2) A lesser problem is when trying to edit the serialized "files". Because objects are methods and state how you modify an object can be guided if not controlled. When we have serialized the objects in a Zope system to files, we have exported only the state of the objects in the ZODB. We then have to live with the ability to foul up invariant across many objects by changing some data in the serialized format. A good example would be ZCatalogs. [...]
Yup... it's probably easiest to make ZCatalogs a black box.
Black box doesn't solve this problem, only the first one. Imagine that I move a serialized version of a Zope object that is indexed by an instance of ZCatalog (or many for that matter). When I move it the ZCatalogs must be notified to handle the change, but only at import time because ZCatalogs are serialized as binary for lots of good reasons.
I see the problem. I think the example you give can be handled adequately at import time. But I can see other examples where allowing edits to the serialized representation could create problems that would be impossible to resolve at import. So it seems like we might want to make some things read only. That is, when you serialize the objects in the Zope ODB to a filesystem, some of those serialized files are read-only "black boxes". A comment in those files could let a developer know that to change the information in that file she needs to do an import, or edit the ODB directly.
When I import the object from the serialized format all I can know is that something changed, but without expensive processing (XML diffing is hard in the general case, we might be able to limit the structures to managable scope though) we can't know that the "foo" ZCatalog should be updated instead of the "bar" ZCatalog.
Seems like we will need to consider the import code very carefully. I don't know enough about how ZCatalog works to discuss the options intelligently. But in other indexing systems I have worked with, there have been solutions for reindexing when making updates to the corpus.

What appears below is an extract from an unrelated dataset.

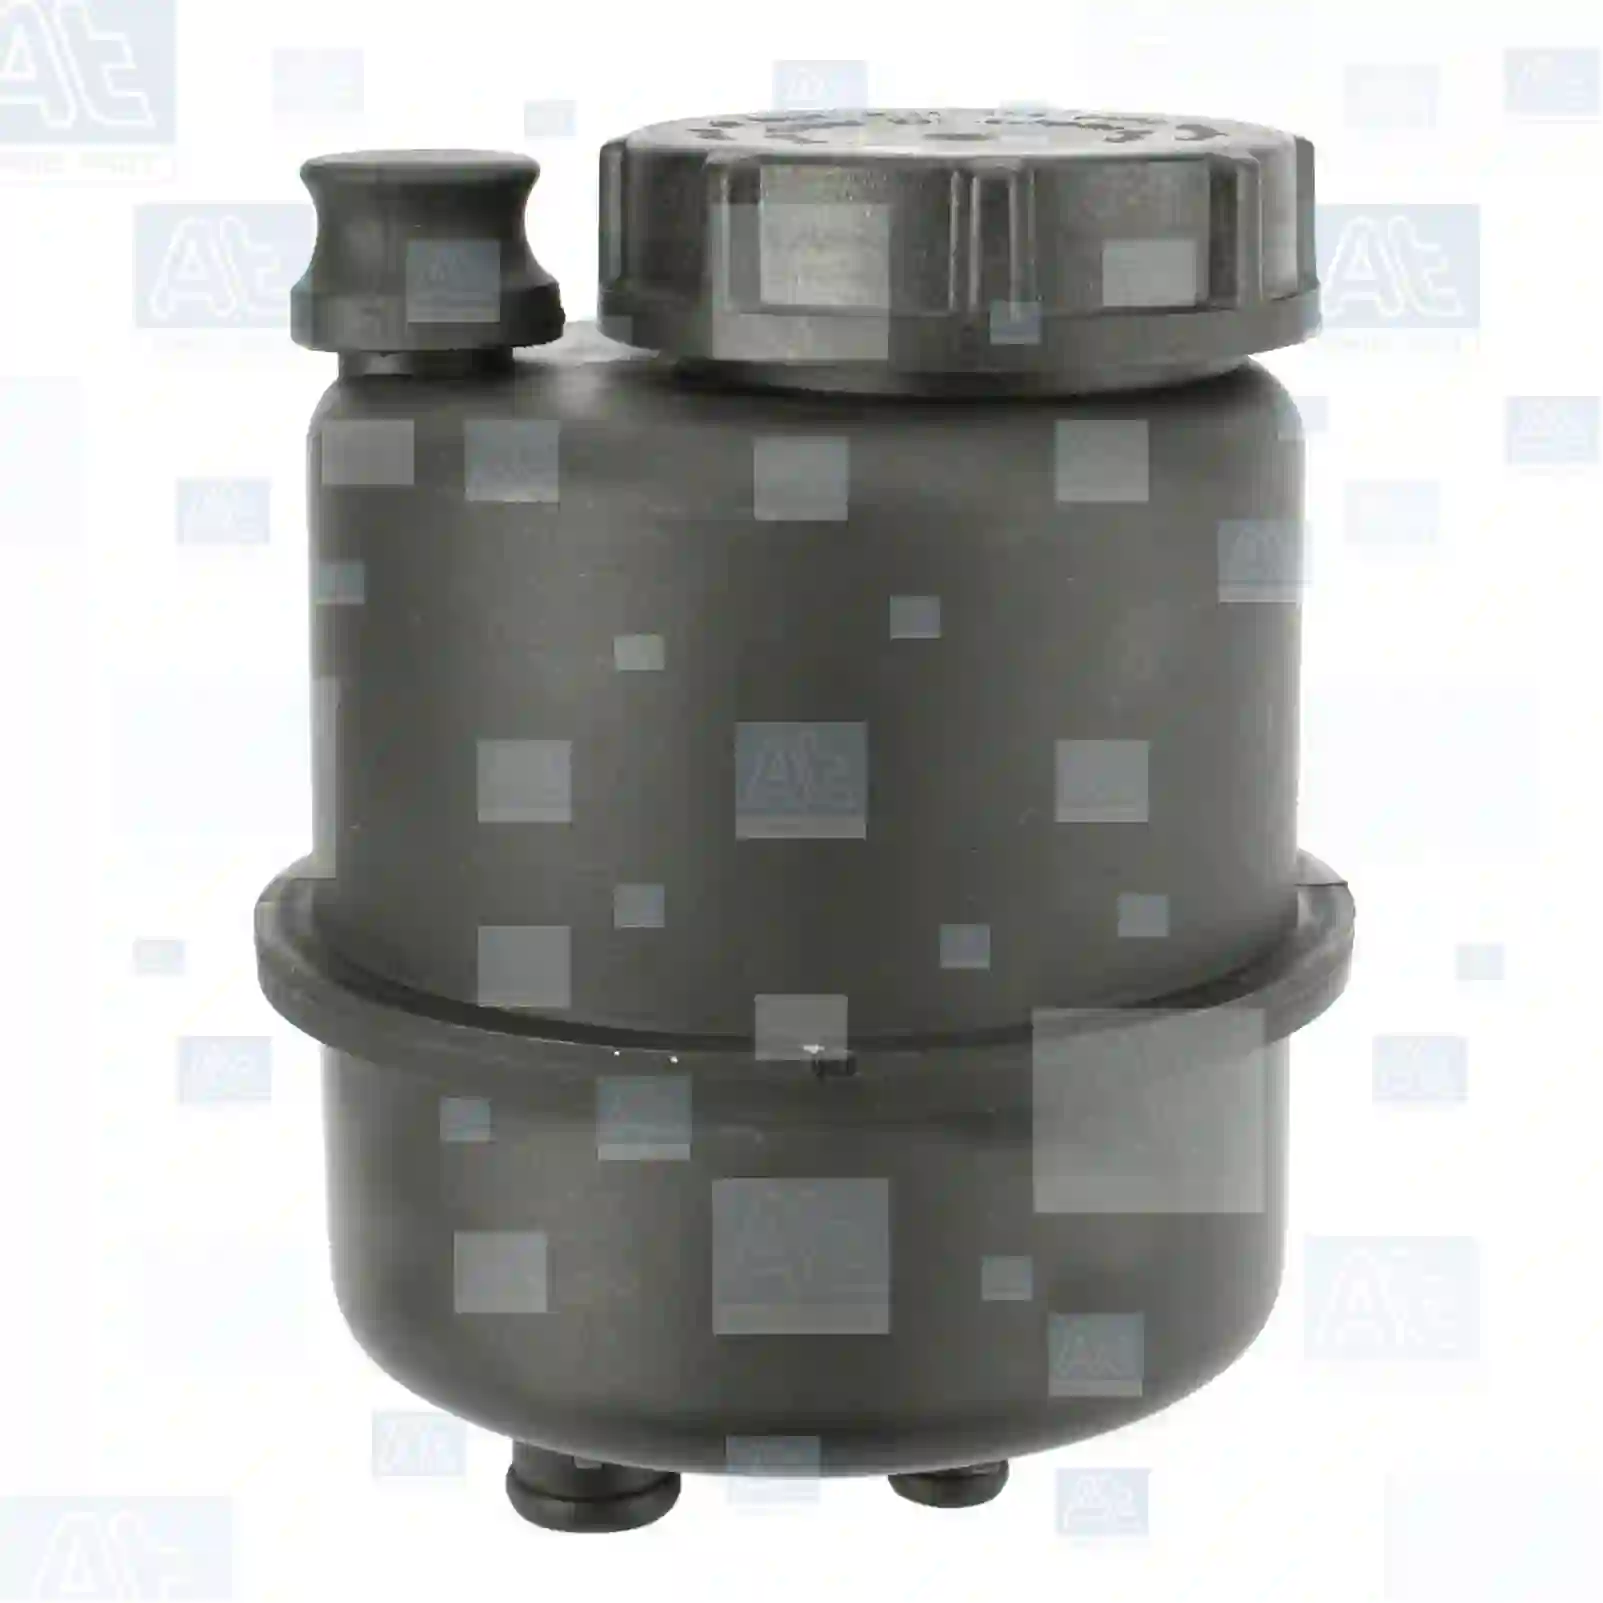 Oil container, with filter, 77705225, 0274965, 274965, RAK3233, 655644, 1017435, 3600254000, 42548853, 61585775, 93193415, 93805623, 81473016030, 85400003315, N1011019621, 0004663802, 0004664502, 0004665502, 0004666202, 49180-D8800, RAK3233, 5000791018, 7401592945, 1327382, 297353, 318533, 524094, 40070, 1794020171, 1794120900, J1794020171, 281473016030, 20210531, 274965, 1592945, ZG03042-0008 ||  77705225 At Spare Part | Engine, Accelerator Pedal, Camshaft, Connecting Rod, Crankcase, Crankshaft, Cylinder Head, Engine Suspension Mountings, Exhaust Manifold, Exhaust Gas Recirculation, Filter Kits, Flywheel Housing, General Overhaul Kits, Engine, Intake Manifold, Oil Cleaner, Oil Cooler, Oil Filter, Oil Pump, Oil Sump, Piston & Liner, Sensor & Switch, Timing Case, Turbocharger, Cooling System, Belt Tensioner, Coolant Filter, Coolant Pipe, Corrosion Prevention Agent, Drive, Expansion Tank, Fan, Intercooler, Monitors & Gauges, Radiator, Thermostat, V-Belt / Timing belt, Water Pump, Fuel System, Electronical Injector Unit, Feed Pump, Fuel Filter, cpl., Fuel Gauge Sender,  Fuel Line, Fuel Pump, Fuel Tank, Injection Line Kit, Injection Pump, Exhaust System, Clutch & Pedal, Gearbox, Propeller Shaft, Axles, Brake System, Hubs & Wheels, Suspension, Leaf Spring, Universal Parts / Accessories, Steering, Electrical System, Cabin Oil container, with filter, 77705225, 0274965, 274965, RAK3233, 655644, 1017435, 3600254000, 42548853, 61585775, 93193415, 93805623, 81473016030, 85400003315, N1011019621, 0004663802, 0004664502, 0004665502, 0004666202, 49180-D8800, RAK3233, 5000791018, 7401592945, 1327382, 297353, 318533, 524094, 40070, 1794020171, 1794120900, J1794020171, 281473016030, 20210531, 274965, 1592945, ZG03042-0008 ||  77705225 At Spare Part | Engine, Accelerator Pedal, Camshaft, Connecting Rod, Crankcase, Crankshaft, Cylinder Head, Engine Suspension Mountings, Exhaust Manifold, Exhaust Gas Recirculation, Filter Kits, Flywheel Housing, General Overhaul Kits, Engine, Intake Manifold, Oil Cleaner, Oil Cooler, Oil Filter, Oil Pump, Oil Sump, Piston & Liner, Sensor & Switch, Timing Case, Turbocharger, Cooling System, Belt Tensioner, Coolant Filter, Coolant Pipe, Corrosion Prevention Agent, Drive, Expansion Tank, Fan, Intercooler, Monitors & Gauges, Radiator, Thermostat, V-Belt / Timing belt, Water Pump, Fuel System, Electronical Injector Unit, Feed Pump, Fuel Filter, cpl., Fuel Gauge Sender,  Fuel Line, Fuel Pump, Fuel Tank, Injection Line Kit, Injection Pump, Exhaust System, Clutch & Pedal, Gearbox, Propeller Shaft, Axles, Brake System, Hubs & Wheels, Suspension, Leaf Spring, Universal Parts / Accessories, Steering, Electrical System, Cabin

a) XML is structured enough that it can reliably hold the data from the ZODB. The current XML dump is not useful for this - it would need to create individual files and folders to represent containment.
This is pretty easy right now. Ten lines of recursive code can walk the whole tree if necessary and export only leaf objects.
Great. Maybe I am closer than I realize to the CVS management solution. I need to look more closely at ZCVSmixin to see what it does. But for our immediate need (which is to allow a distributed team of developers to share code and track changes via a central CVS repository), maybe it makes the most sense just to segment the existing XML export into directories and files and enhance the existing import to allow overwriting objects.
b) A hybrid XML and custom dump solution. An Image for example could dump out as a binary image file with meta-data in a similiarly name XML file.
Yes, each object should make its own policy regarding its body. Its metadata format should be standardized, however.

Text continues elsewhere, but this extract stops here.